This is saying that USEARCH thinks your database is a nucleotide database, and so it wants to know if it should be searching the given (plus) strand or also considering the reverse-complement (minus) strand. However, the databases for ShortBRED should all be protein sequences. Was mymarkers.faa generated with shortbred_identify? Can you confirm that it contains protein sequences?
Thank you very much for your kind reply! I have double checked and it appears that my marker.faa file contains nucleotide sequences. My original input looks like I was using the nucleotide fasta protein homolog model instead of the protein fasta protein homolog model, so I have edited that below:
One or more of the sequences in your input file has an id that ShortBRED cannot use as a valid folder name during the clustering step, so ShortBRED has stopped. Please edit ** protein_fasta_protein_homolog_model.fasta ** to remove any slashes,asterisks, etc. from the fasta ids. The program utils/AdjustFastaHeadersForShortBRED.py in the ShortBRED folder can do this for you. ShortBRED halted on this gene/protein:gb|ACT97415.1|ARO:3002999|CblA-1
I suppose at this point I just need to parse the output marker.faa to remove the slashes and underscores. Is this a common step? Hoping that this fixes the error and I can get what I need to move forward without any hiccups.
Thank you so much for your attention, please let me know if I can provide any more information that may help you in troubleshooting!
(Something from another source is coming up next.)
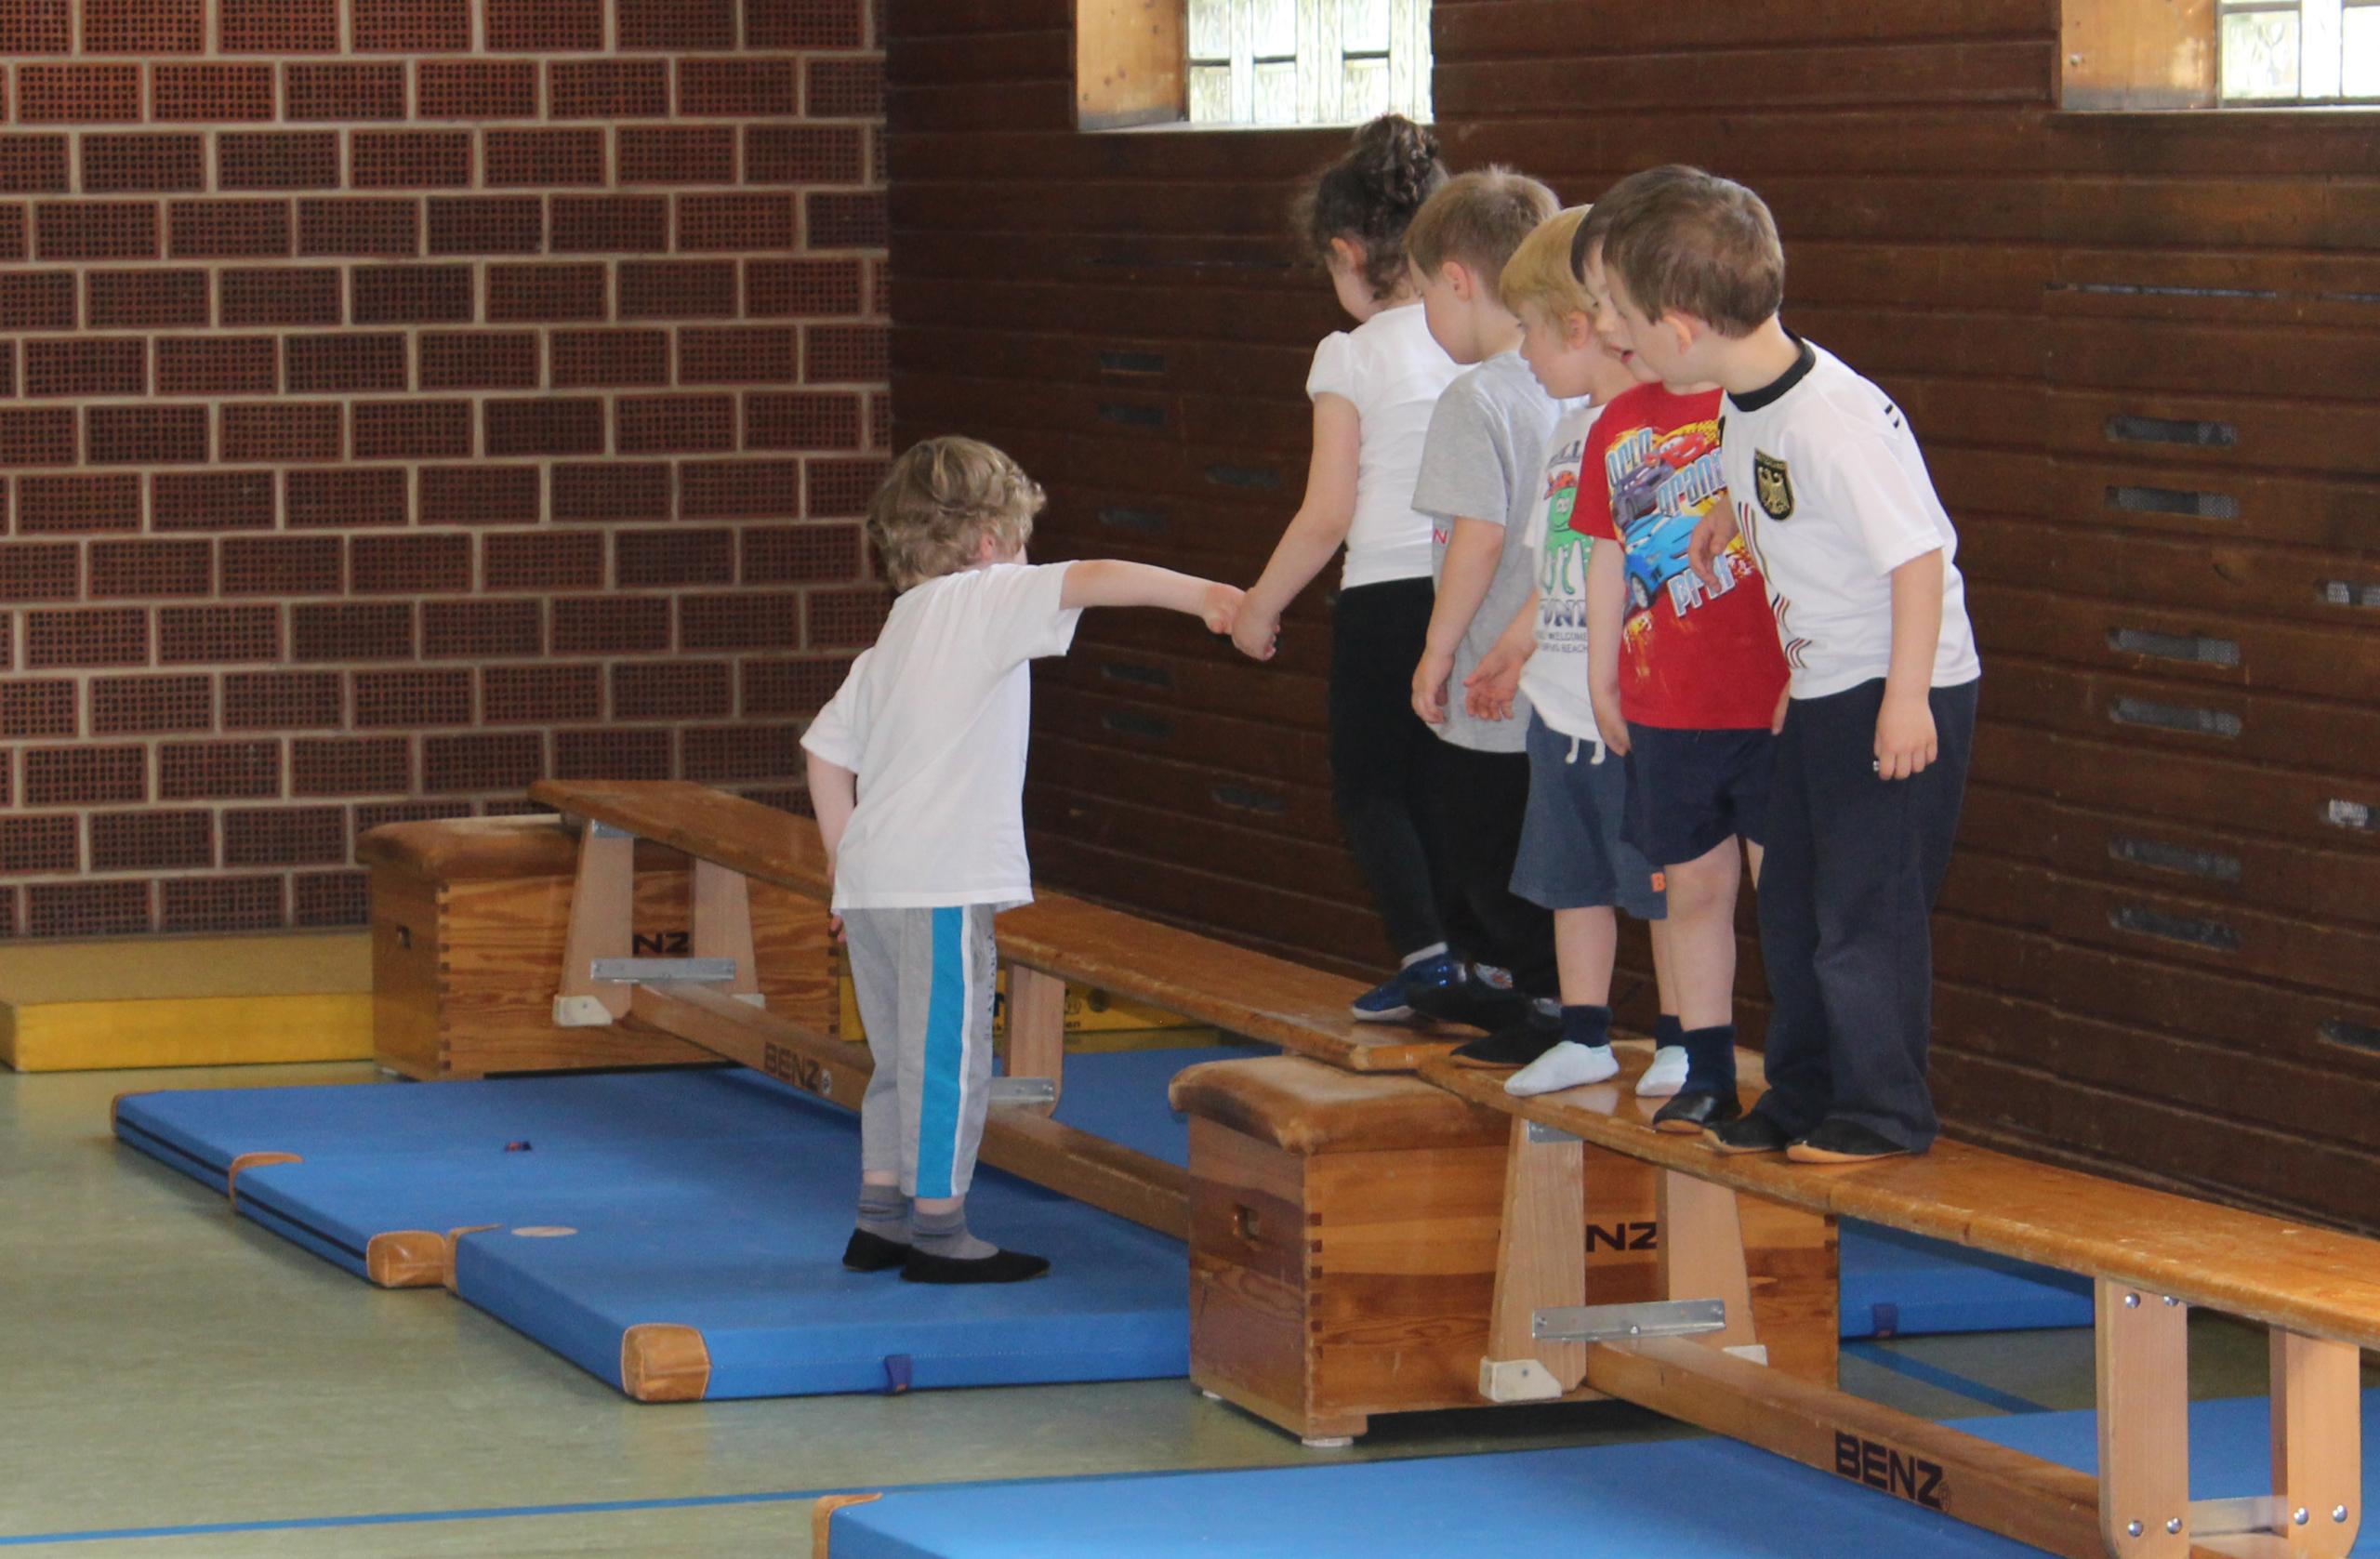 Turnverein erhält Förderpreis der Stiftung Allianz für Kinder

Indeed, this is common (hence including the AdjustFastaHeadersForShortBRED utility to help with formatting). The space of characters that are allowed in FASTA headers is broader than the space allowed for file names, so we have to clean up some of the special characters before ShortBRED runs.
I just wanted to reach out to you and thank you for your kindness and attentiveness in answering my question. I was able to complete my analysis with your help! Excellent set of tools you have in BioBakery, and I am looking forward to using them much more in the future. All the best.